The related search terms «deflazacort», «rheumatoid arthritis» were used. In the construction of the search equations, each of the MeSH terms was crossed with the respective keywords using different Boolean operators (OR, AND). The full search strategy is presented in the Appendix B Supplementary material 2 (Appendix B annex 2). Two reviewers conducted the search independently and clarified disagreements by consensus. The following eligibility criteria were considered: controlled clinical trials or equivalence studies with a comparator, developed in adult patients with RA (confirmed according to validated criteria) and use of deflazacort compared with other corticosteroids for control of the disease. The articles that did not clearly mention the dose of deflazacort and of the comparator used were excluded. The articles related to the topic were selected and the data were subsequently extracted from a database created in the Excel® software, evaluating as main variables: type of study, sample size, age of the participants in both arms (years), disease (in the case of others evaluated in addition to RA) dose of deflazacort and comparator, and follow-up time.

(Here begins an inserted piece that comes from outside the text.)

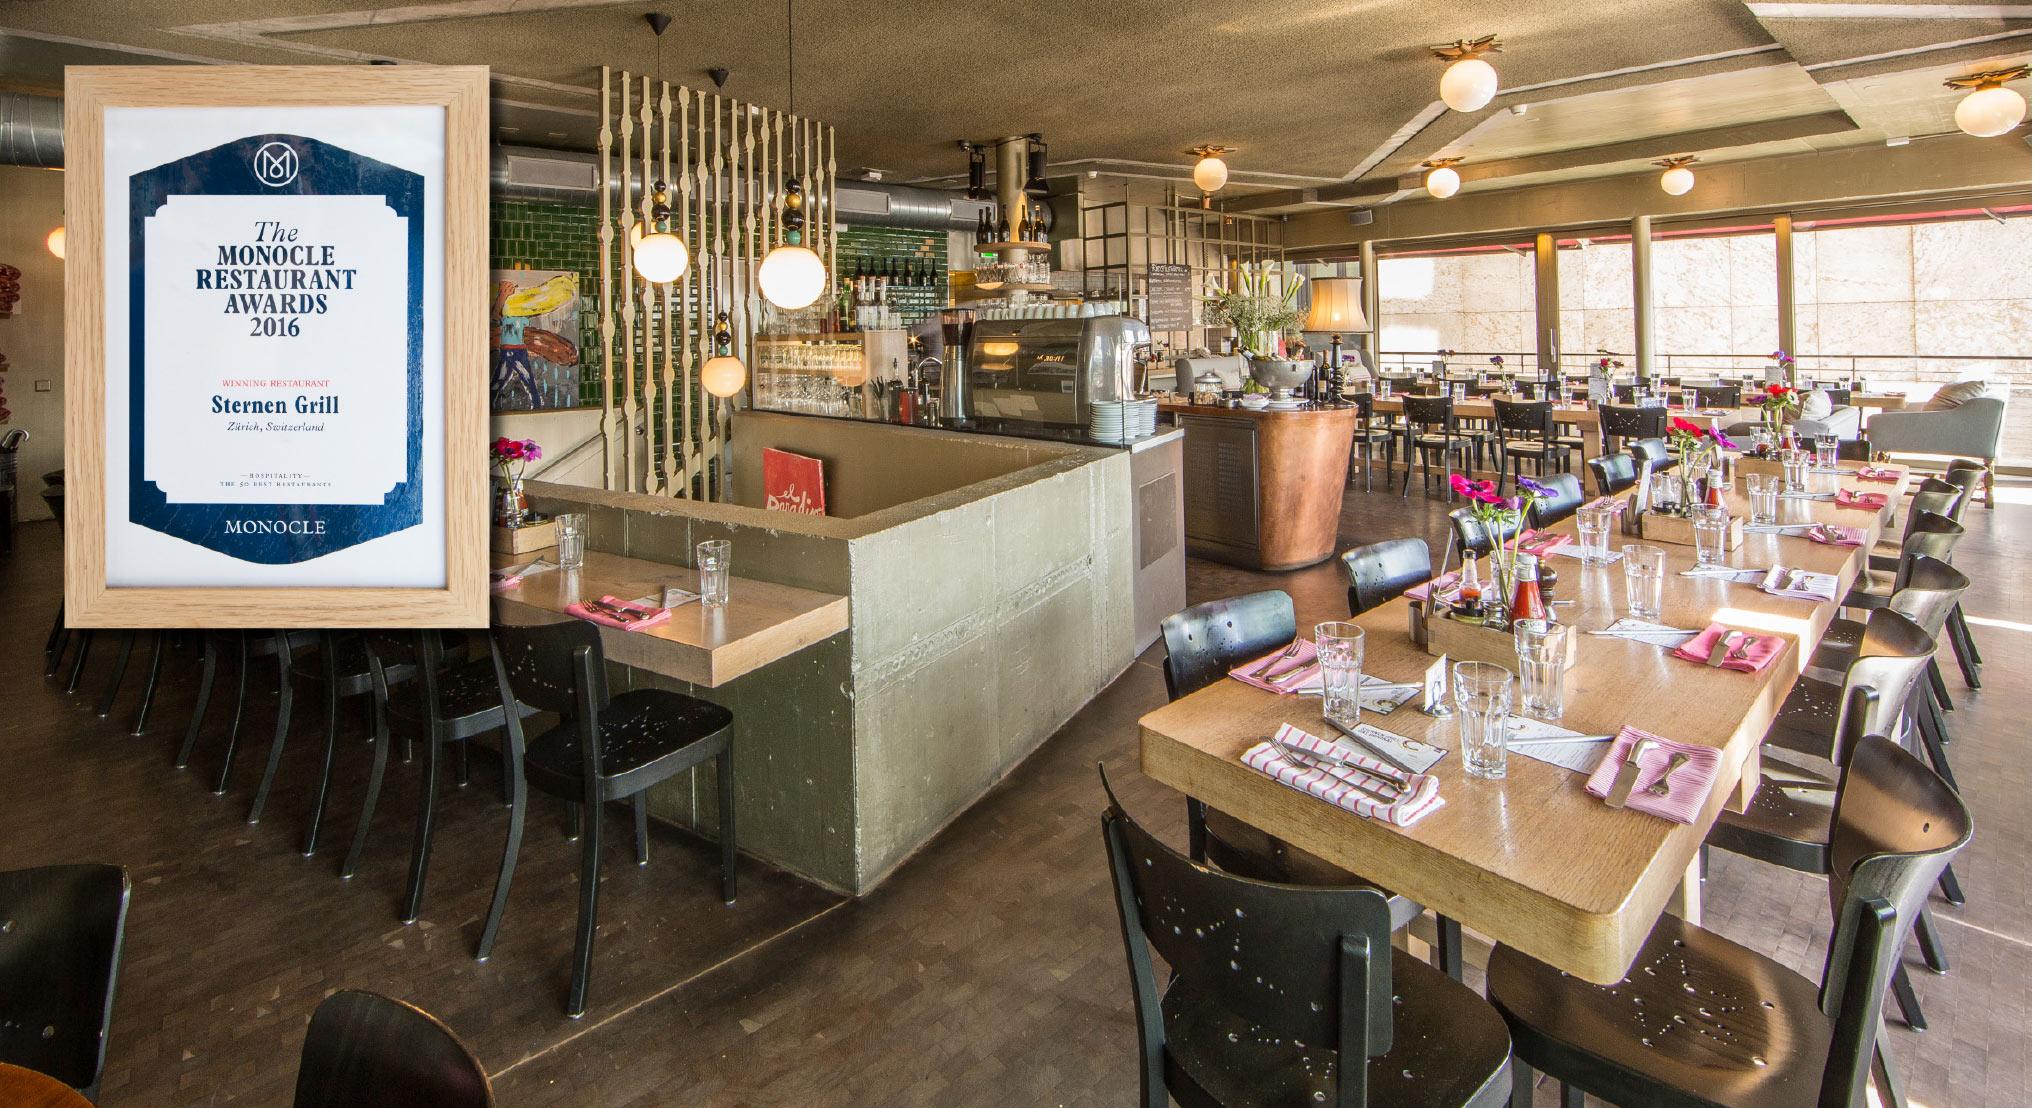 sternen-grill-restaurant-1OG

In accordance with Colombian regulations (Resolution 008430 of 1993 of the Ministry of Health) this systematic review is considered a risk-free investigation, because no intervention or intentioned modification of the biological, physiological, psychological or social variables of the individuals was made.

Results

The initial search yielded a total of 166 studies coming from the 3 databases. After excluding duplicates in the identification, screening and assessing eligibility through the review of the abstract and the full text, 5 studies (Fig. 1) that met the eligibility criteria were included, which are summarized in Table 1. The results are exposed in detail below.

Table 1.

Summary of articles included.

Study	Type of study	Sample size	Age, DFZ/PD (years)	Pathology	Dose of deflazacort	Comparator	Follow-up time
Messina (1992)	RCT	16 (women)	36.5	RA	12 mg	10 mg of prednisolone or its equivalent	12 months
Gray (1991)	RCT	26 (14 men, 12 women)	56/55	RA, PMR, MCTD, eczema	12, 24 and 36 mg	10, 20 and 30 mg of prednisolone	90 days
Montecucco (1988)	RCT	41 (women)	62.0	RA	6–30 mg	5–25 mg of prednisolone	6 months
Scudeletti (1993)	RCT	30 (NA)	<60	RA, SLE	6–30 mg	5–25 mg	24 months
Saviola (2007)	Equivalence	21 (men)	60.0	RA PsA	7.5 mg	4 mg	12 months

RA: rheumatoid arthritis; DFZ: deflazacort; RCT: randomized clinical trial; MCTD: mixed connective tissue disease; SLE: systemic lupus erythematosus; mg: milligrams; NA: not available; PD: prednisone; PMR: polymyalgia rheumatica; PsA: psoriatic arthritis.

Source: own elaboration.

Deflazacort vs. prednisolone

The effects of deflazacort and prednisone are usually diverse, considering the dose, the underlying disease, and concomitant medications. There are particular modifications that may influence their choice based on the clinical benefit to the patients. These differences are related to the chemical transformation that prednisone undergoes, which gives way to the constitution of the C-17 nanoxazoline group, which reduces its solubility in lipids and exerts an effect on blood components that limits or excludes the tissues, particularly the osteoblasts, without interfering in the clinical response.12

Regarding the use of prednisolone in patients with RA, the harmful effects on bone metabolism, with induction of osteoporosis, have been widely described, and the use of deflazacort has been proposed as a therapy that could reduce this effect. In a study conducted by Messina et al.13 both drugs were compared for 12 months — deflazacort 12 mg/day vs. prednisolone 10 mg/day — finding equal rates of synovitis and body bone mineral count. However, at the level of Ward’s triangle, the drop in BMD was lower with deflazacort, which suggests a possible lower impact on the bone with the use of this drug in patients with RA. In the study conducted by Gray et al.14 in patients with RA, participants received titratable doses of prednisolone and deflazacort for 2 months. At 90 days, the reduction in the erythrocyte sedimentation rate and activity indices were similar, with an increase in urinary calcium excretion and greater inhibition of endogenous secretion of cortisol in the deflazacort group, and it was demonstrated a therapeutic potency of 83% with respect to prednisolone, so that it may be better tolerated, in addition to showing fewer adverse effects in the long term. Montecucco et al.15 supported this statement in their study, in which they compared the serum levels of osteocalcin (a marker of osteoblastic activity) after management with prednisone or deflazacort. At 6 months, the serum concentration of osteocalcin was reduced in the 2 groups, but the decrease was more significant with prednisolone, even more so when the doses were higher than 10 mg/day.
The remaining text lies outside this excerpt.